**ACTION ITEM:** Set down each line of the material that follows, exactly, with no pictures.
(DATA BELOW begins)
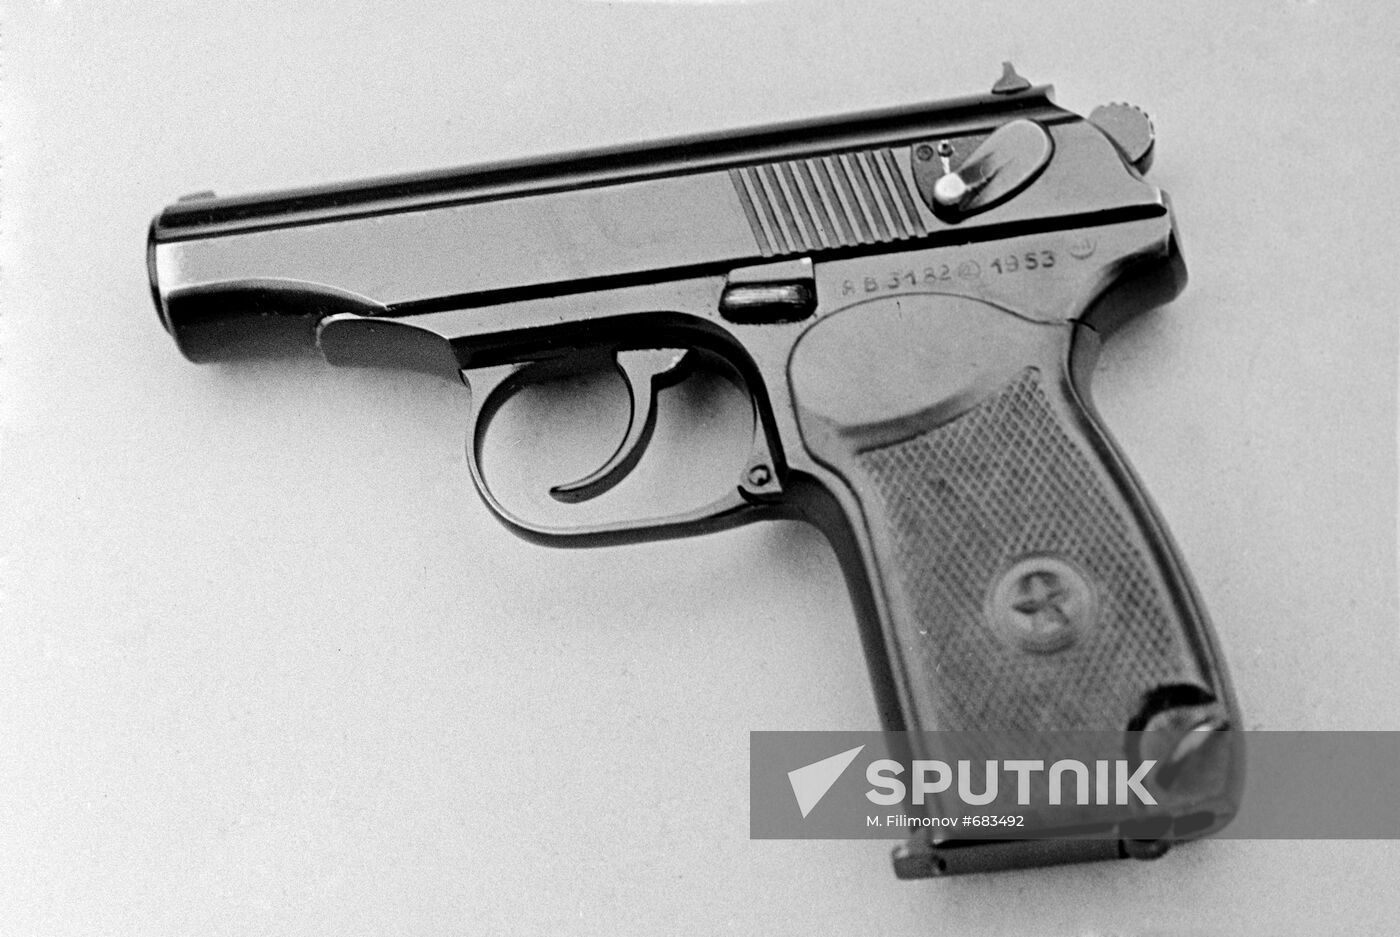 Makarov sports pistol
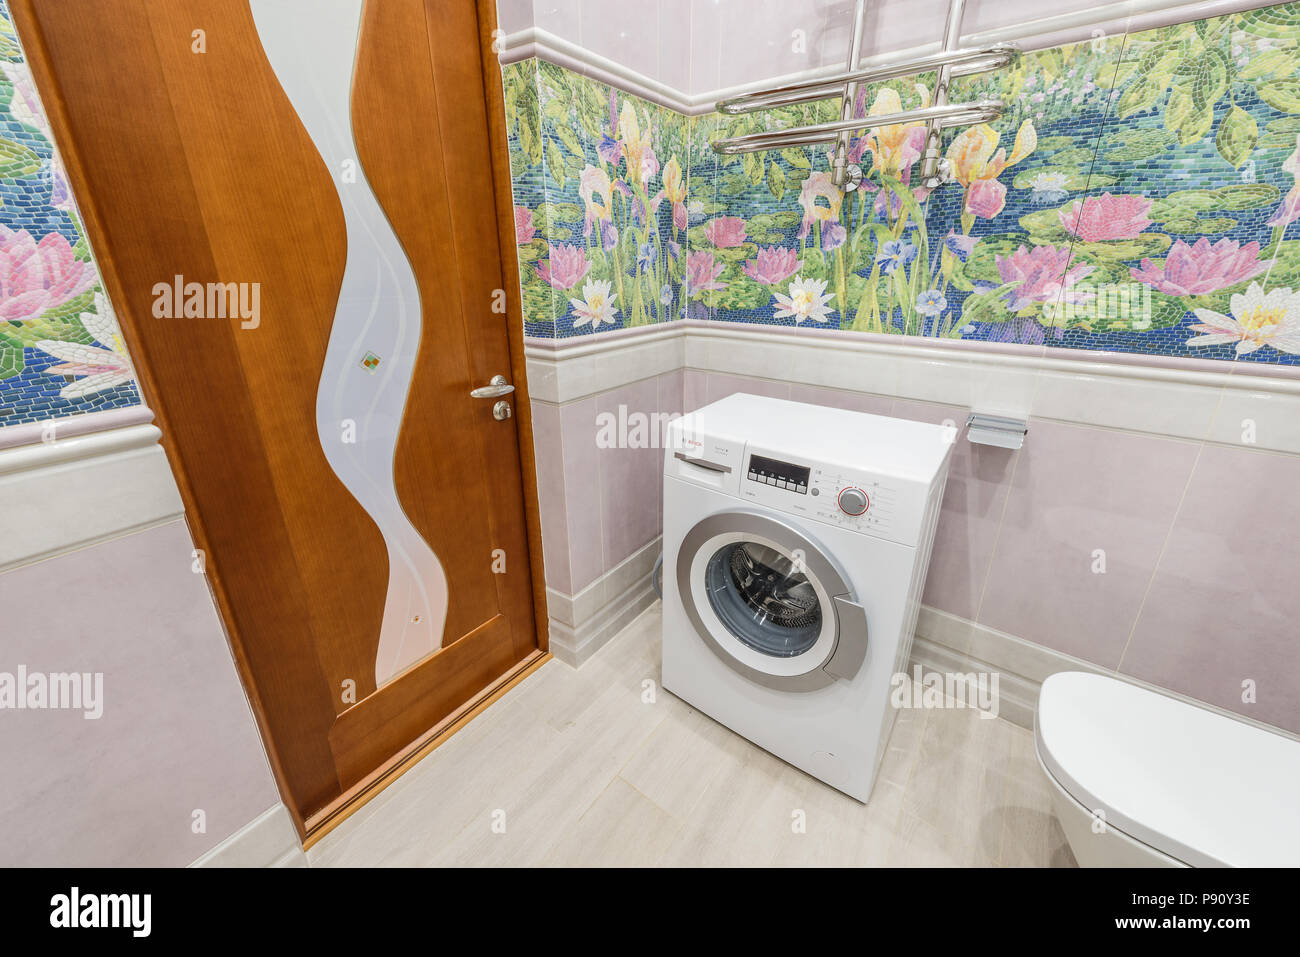 Moskau, Russland - 30. Juni 2018: Waschmaschine und Toilette im Badezimmer. Stockfoto
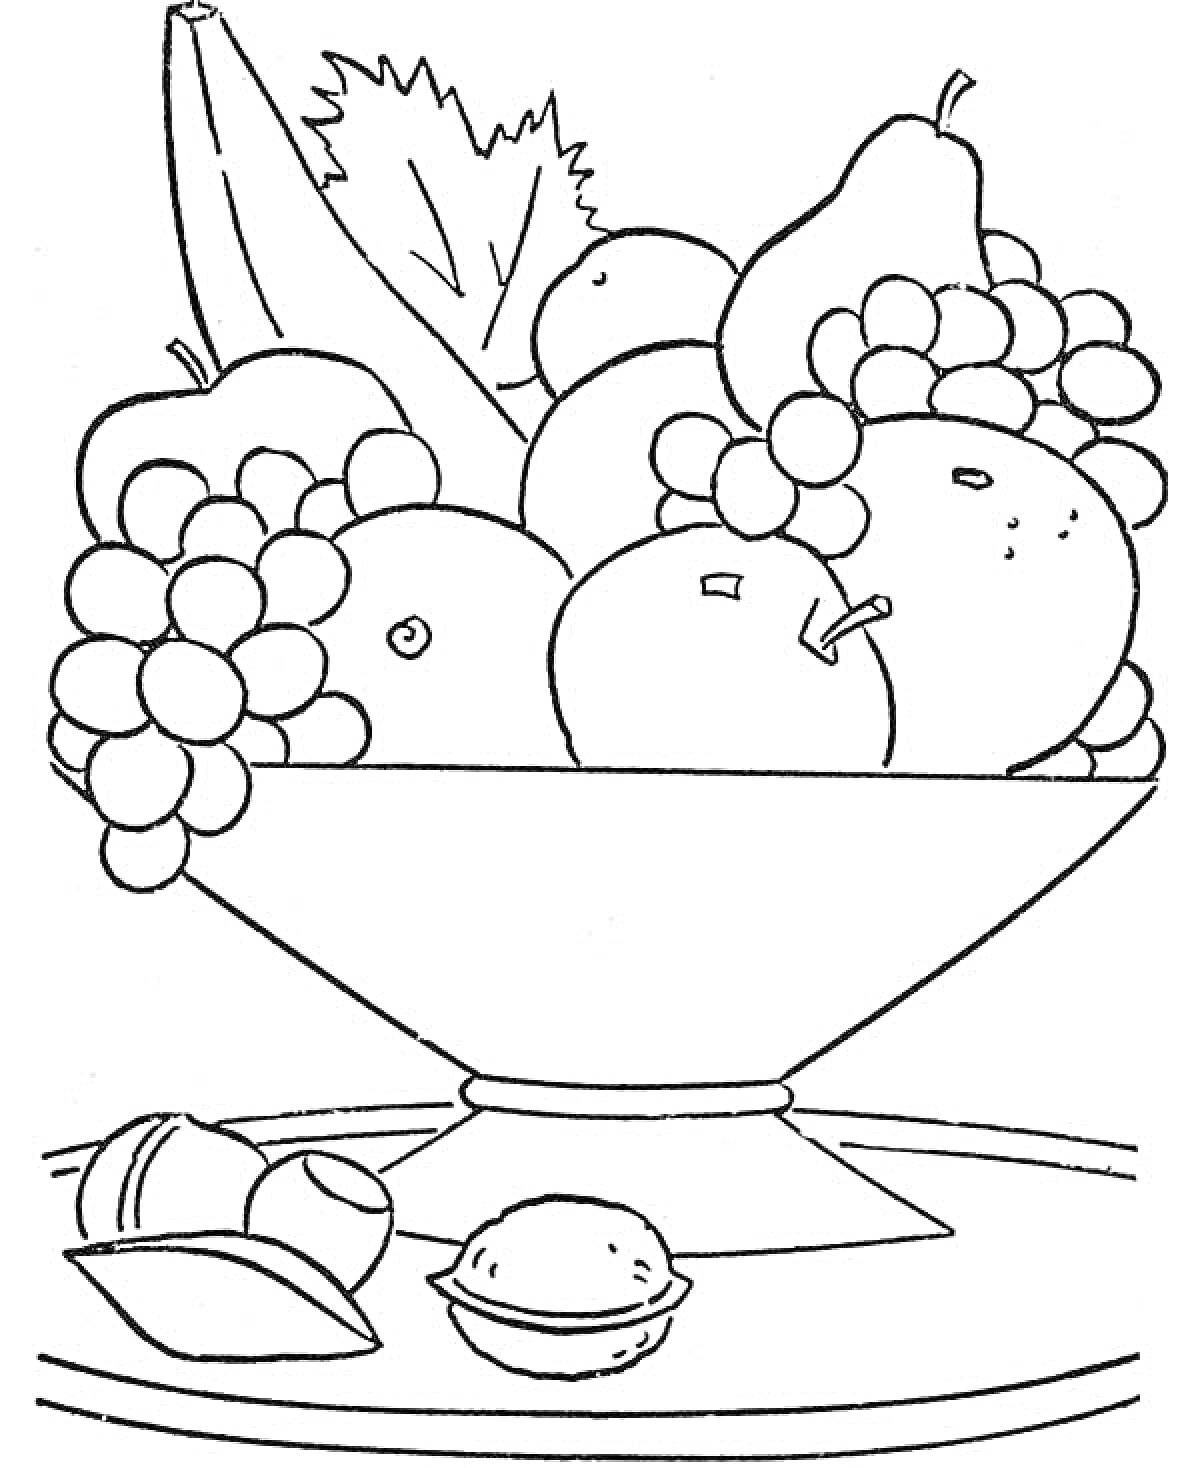 Раскраска Натюрморт с фруктами и орехами в вазе
(DATA BELOW ends)
**EXERCISE RESULT:**
 Makarov sports pistol
 Moskau, Russland - 30. Juni 2018: Waschmaschine und Toilette im Badezimmer. Stockfoto
 Раскраска Натюрморт с фруктами и орехами в вазе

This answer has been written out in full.